Specific pharmacokinetic interaction between lumefantrine and monodesbutyl-benflumetol in Plasmodium falciparum.

Wien Klin Wochenschr 2007 ;119(19-20 Suppl 3):60-6

Institute of Specific Prophylaxis and Tropical Medicine, Center for Physiology and Pathophysiology, Medical University of Vienna, Vienna, Austria.

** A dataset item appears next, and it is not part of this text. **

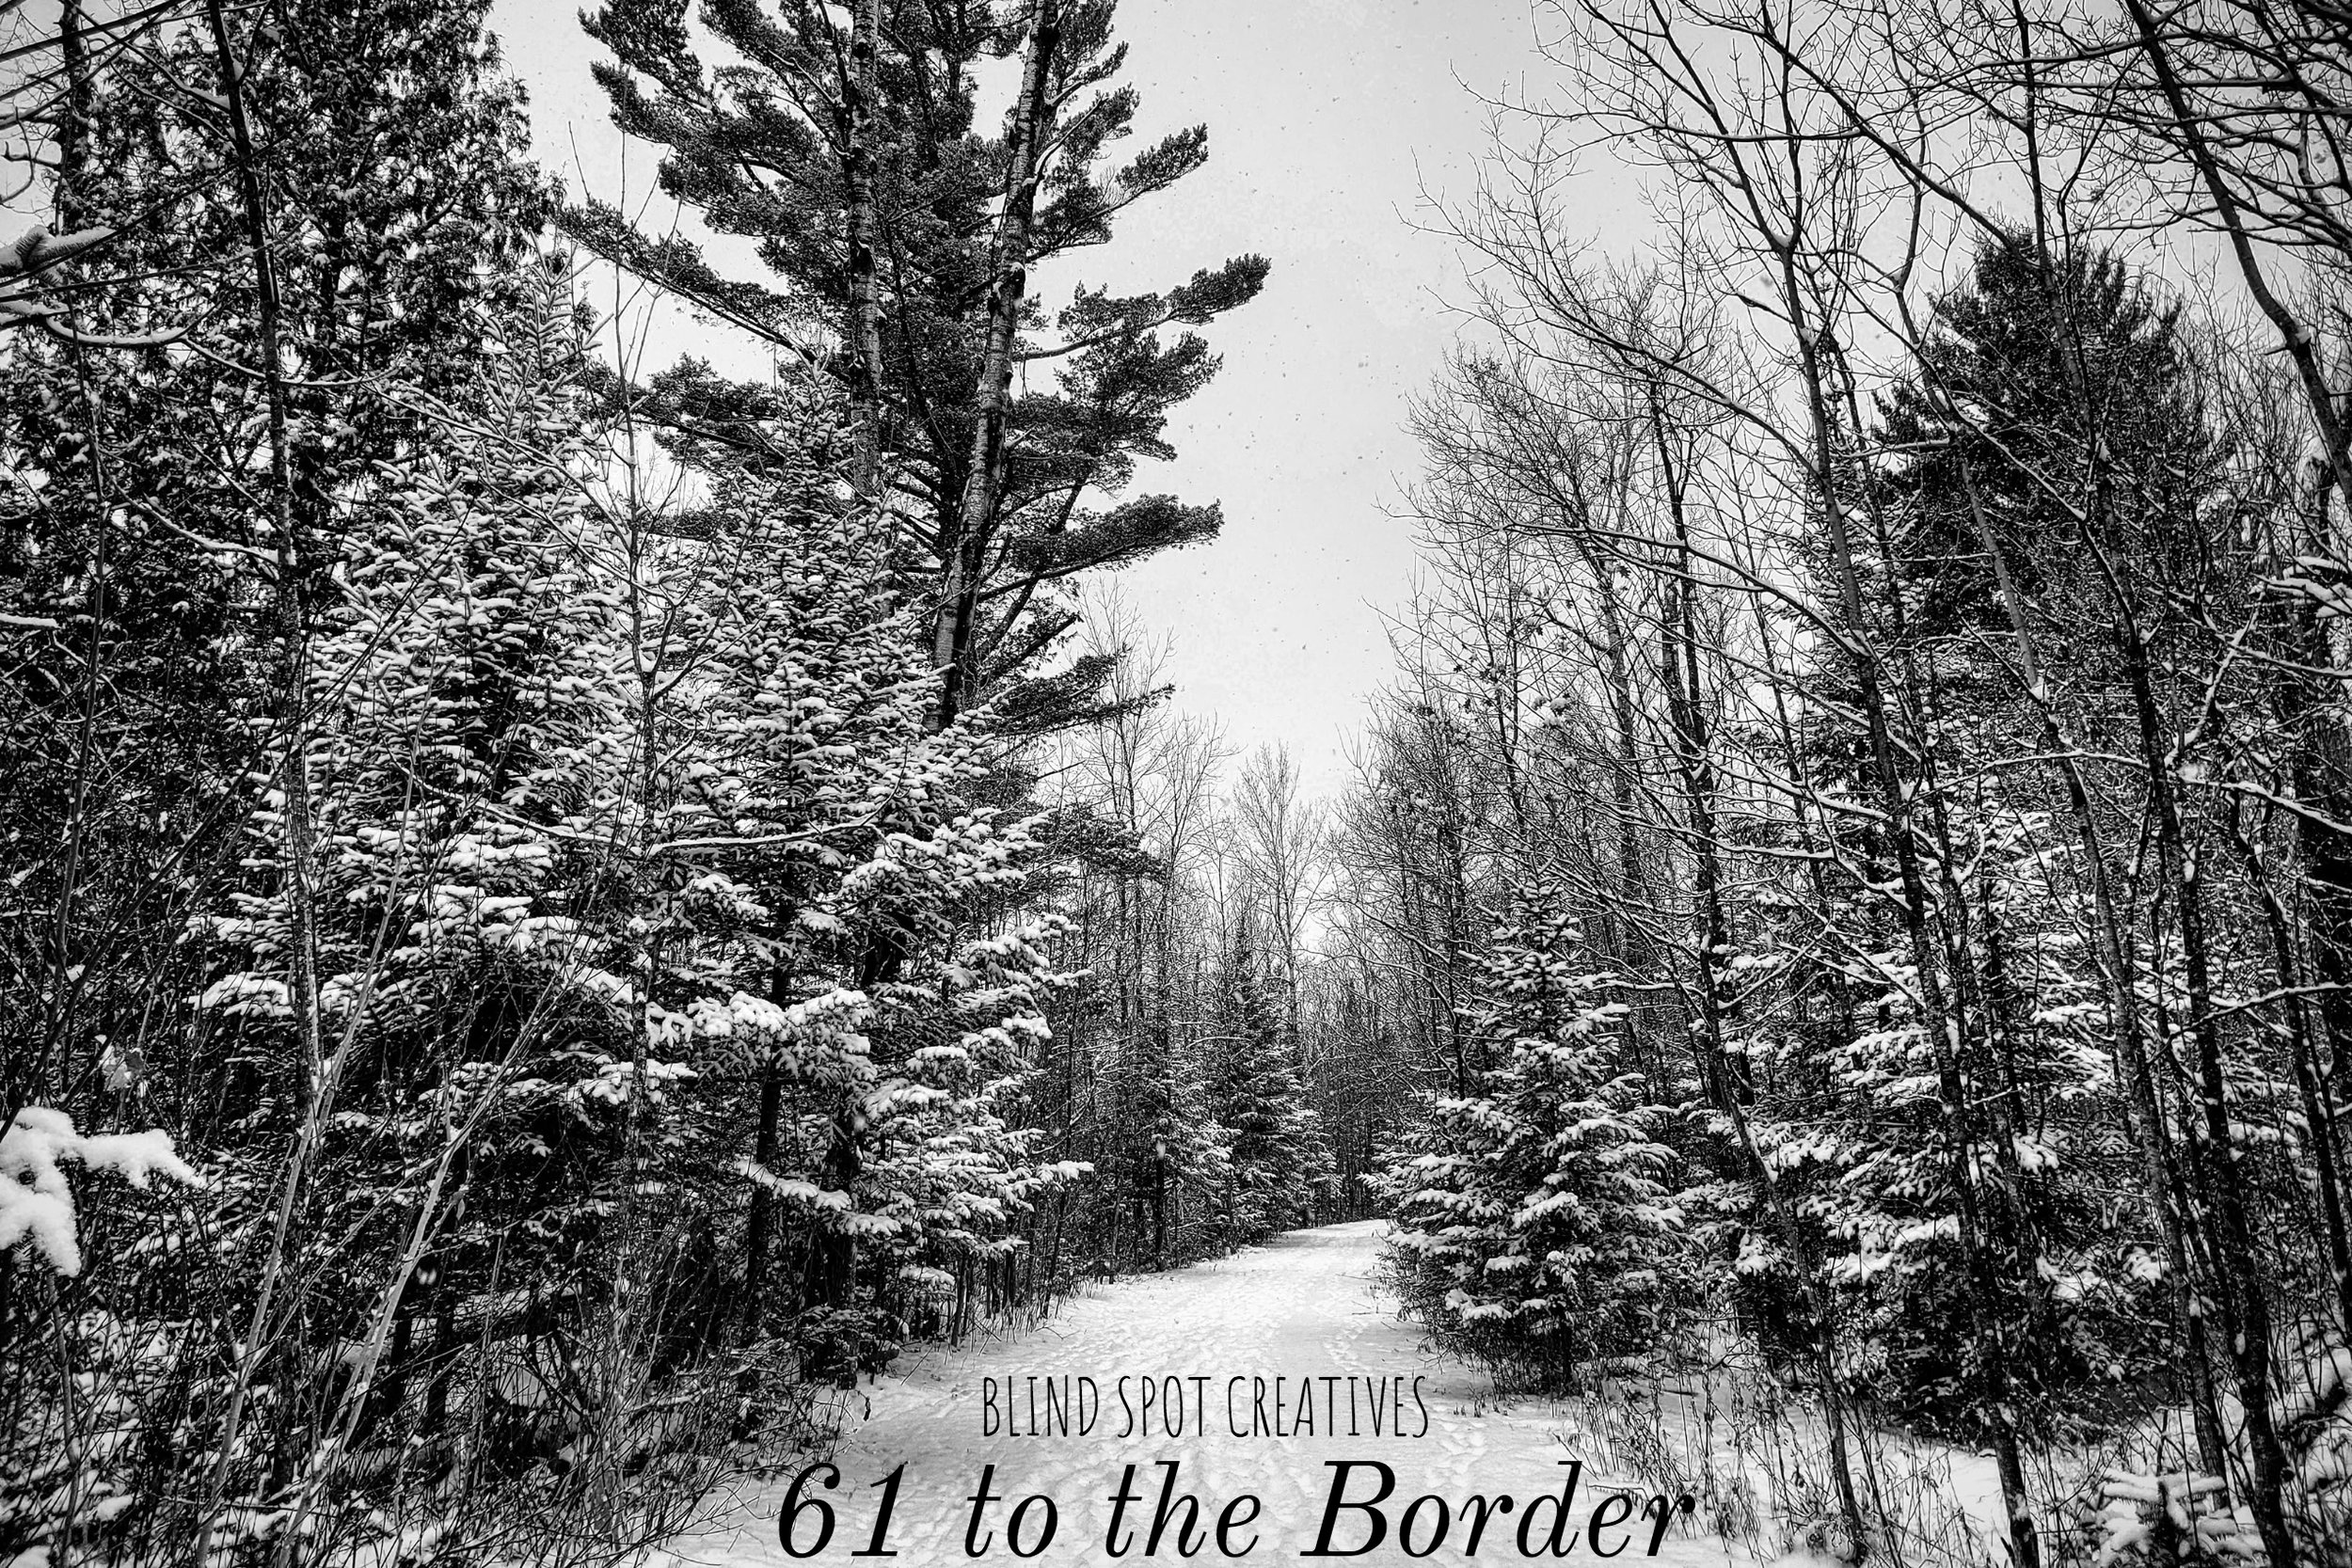 Blind Spot Creatives - 61 to the Border - Alyssa Johnson - Poem

The blood schizontocidal activity of lumefantrine, monodesbutyl-benflumetol (DBB) and a 999:1 combination of both compounds has been investigated in 26 fresh isolates of Plasmodium falciparum from northwestern Thailand, using the WHO standard protocol Mark II for determining the inhibition of schizont maturation. The geometric mean cut-off concentrations of schizont maturation (GMCOC) were 943.2 nM for lumefantrine, 146.3 nM for DBB and 182.2 nM for the 999:1 combination of lumefantrine and DBB. The EC(50) values were 27.3 nM for lumefantrine, 5.7 nM for DBB, and 16.5 nM for the combination, and the EC(90) values 163.1 nM for lumefantrine, 44.1 nM for DBB, and 78.3 nM for the combination. Despite the very low concentration in the combination, DBB exerted significant synergistic activity with lumefantrine that was strongest at the EC(90) and EC(99) levels. Correlation analysis indicates that DBB is the leading determinant for the activity of the combination.